[[ The data, beginning ]]
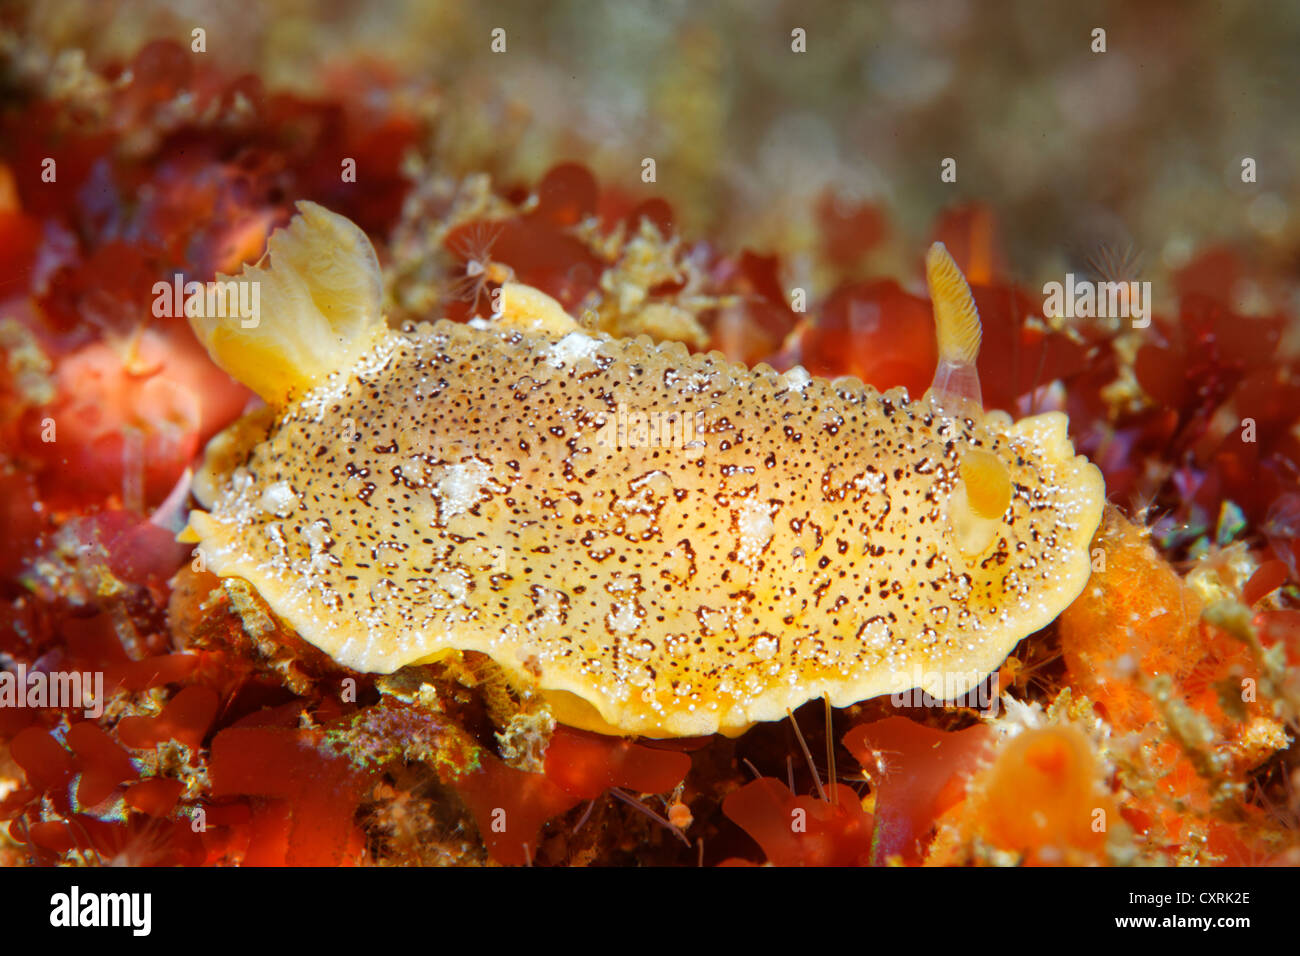 Unidentified nudibranch (Nudibranchia) Ponta de Sao Vicente, Isabella Isola, Albemarle, Isole Galapagos, un patrimonio Foto Stock
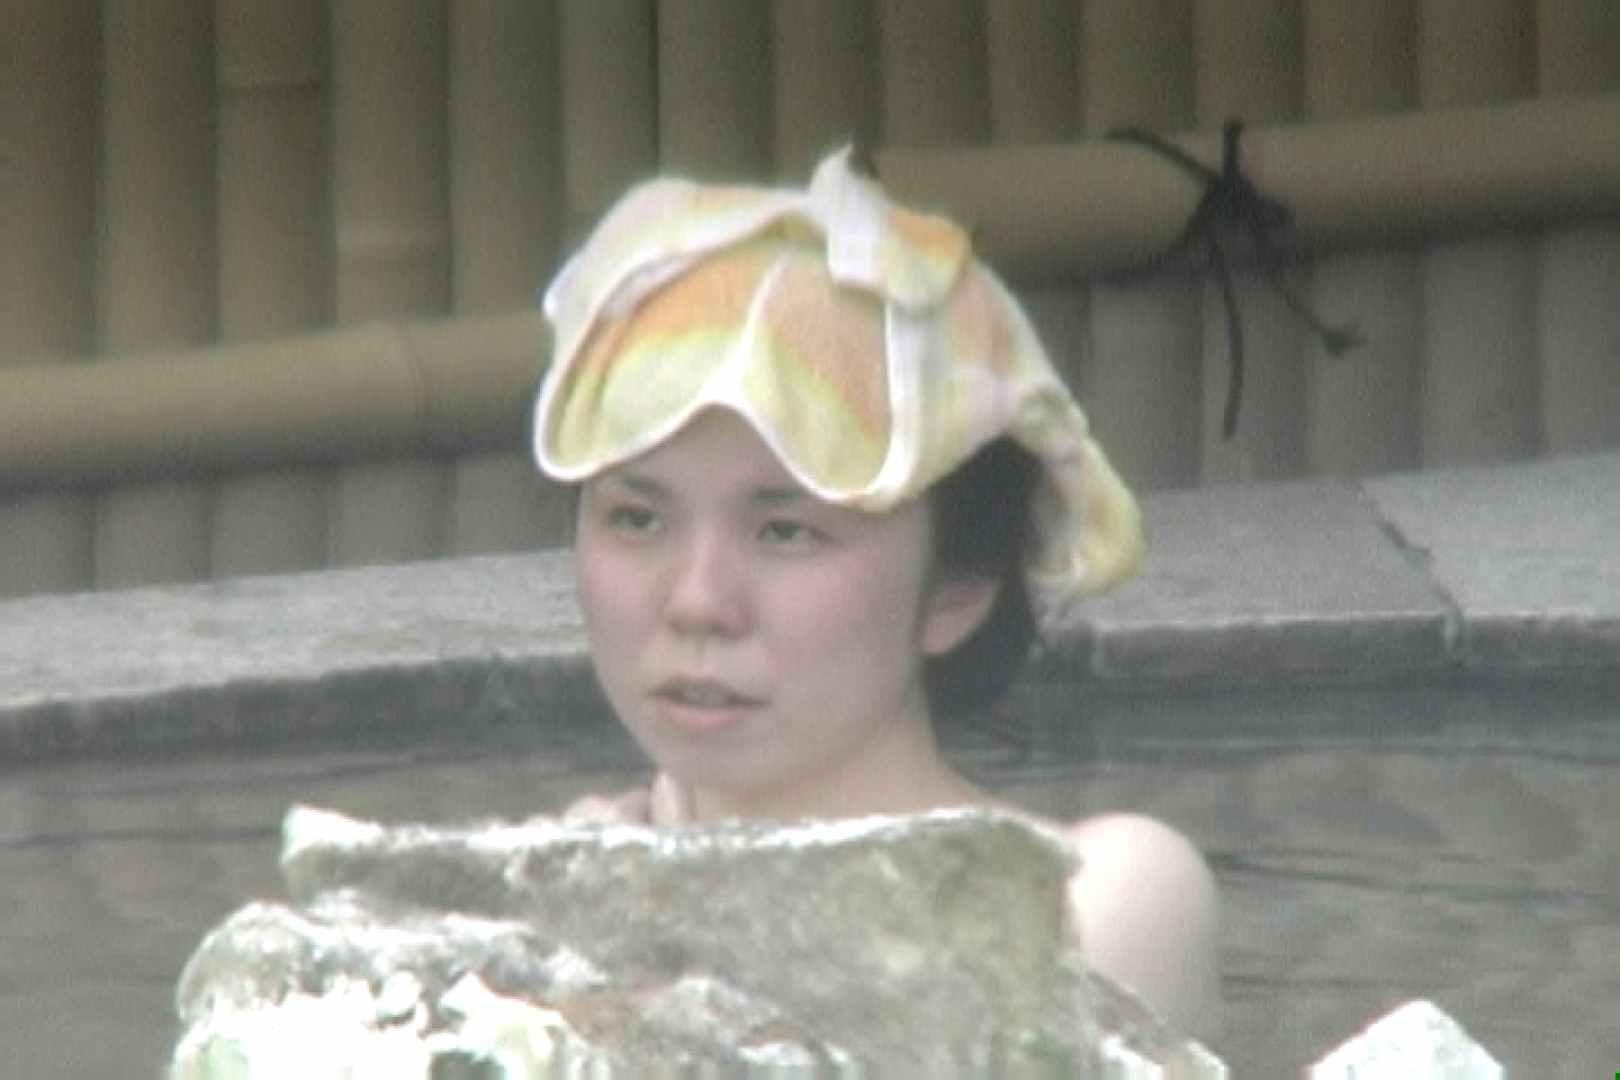 Aquaな露天風呂Vol.687 盗撮シリーズ | 露天風呂編  93PIX 75
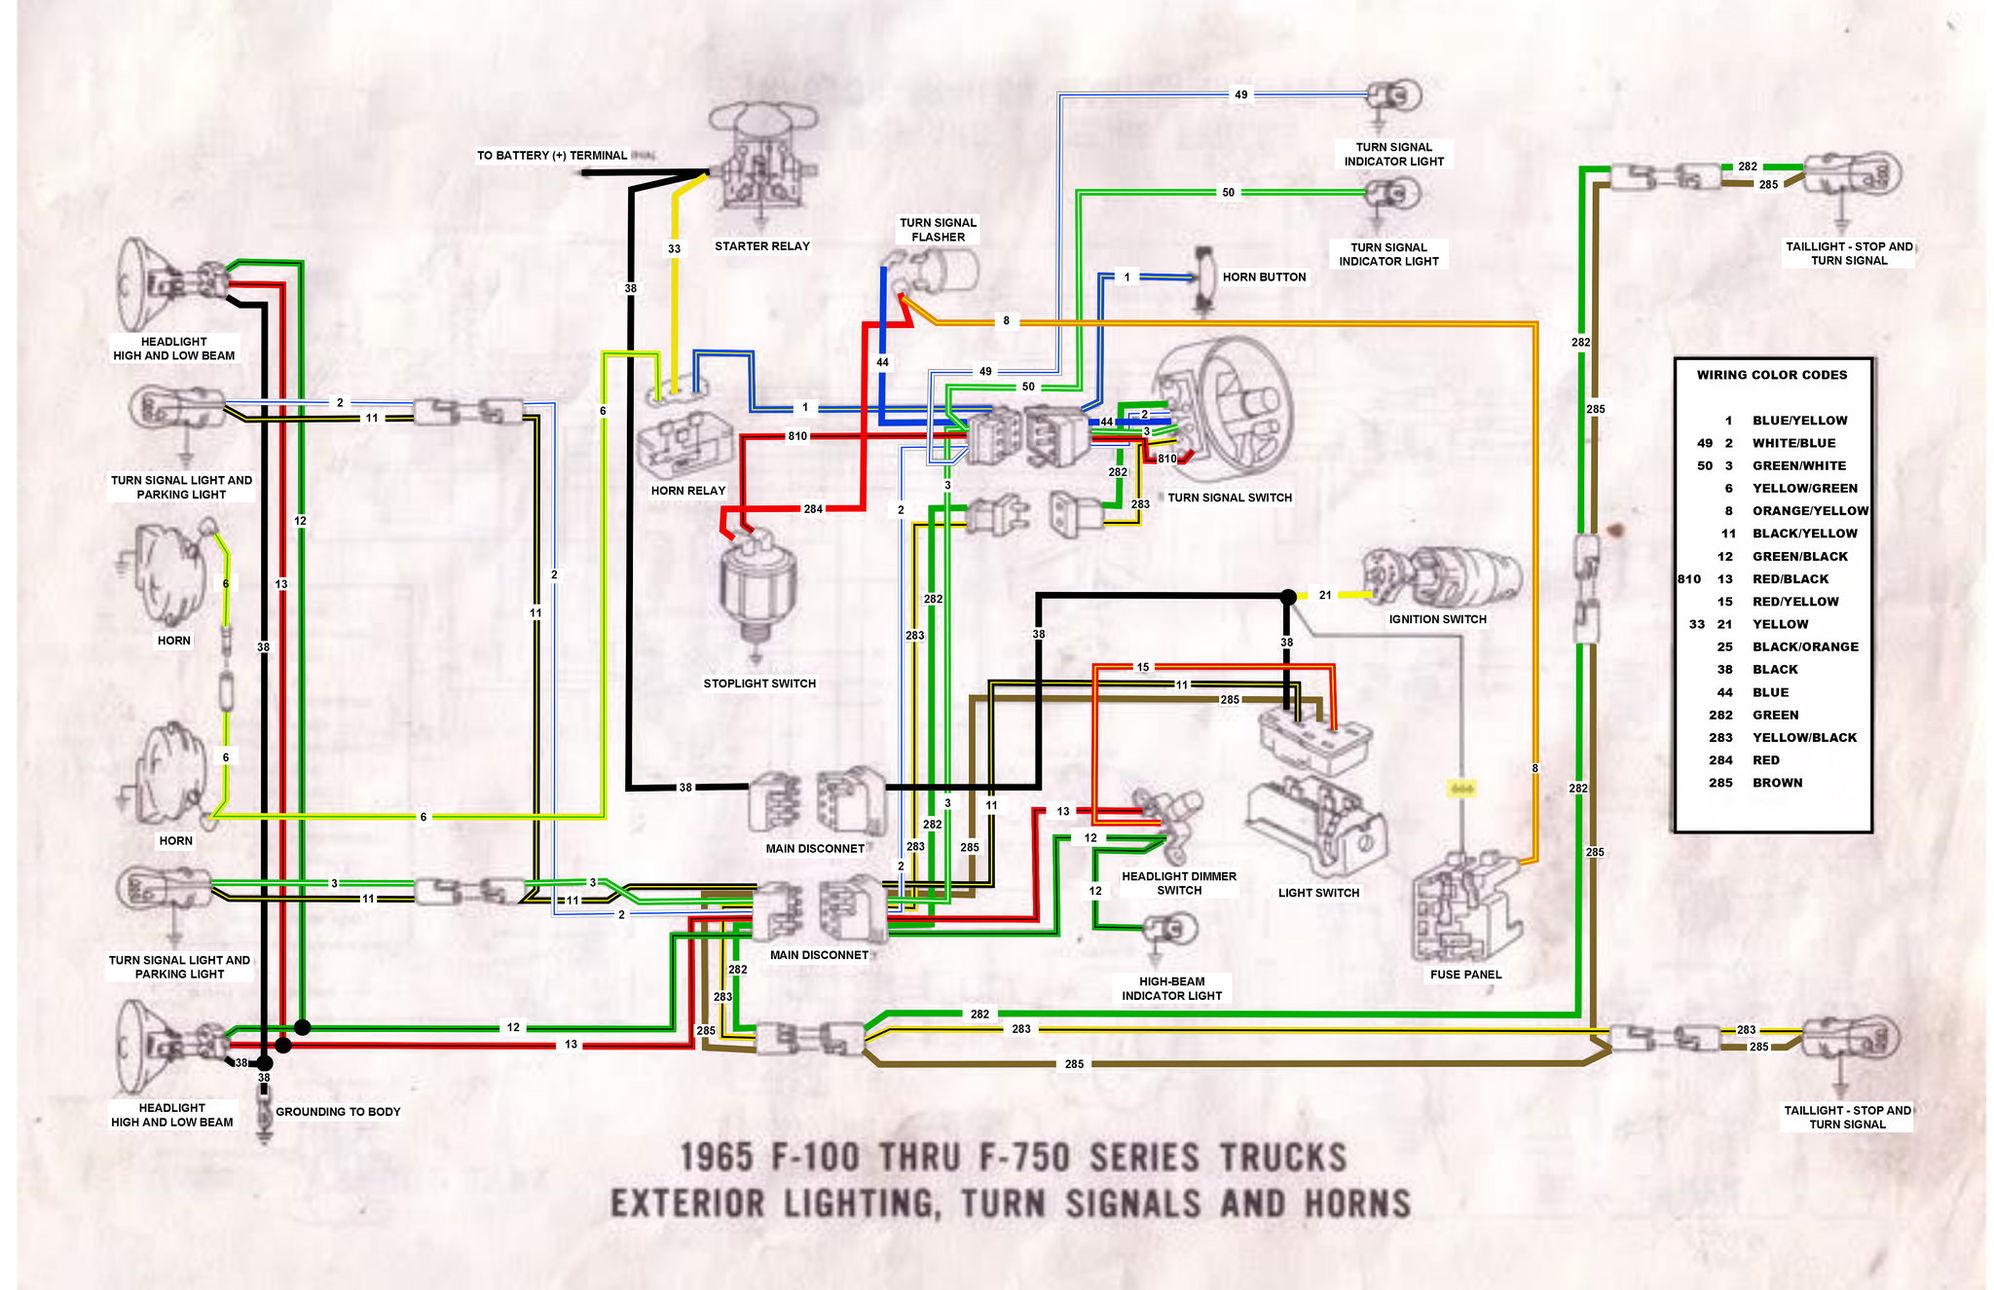 Bodine Ballast Wiring Diagram Lp 400 10100 Emergency
[[ The data, end ]]
__What needs to be done__
When you copy the data above, keep each line exact and omit the pictures.

__Answer for the task__
 Unidentified nudibranch (Nudibranchia) Ponta de Sao Vicente, Isabella Isola, Albemarle, Isole Galapagos, un patrimonio Foto Stock
 Aquaな露天風呂Vol.687 盗撮シリーズ | 露天風呂編  93PIX 75
 Bodine Ballast Wiring Diagram Lp 400 10100 Emergency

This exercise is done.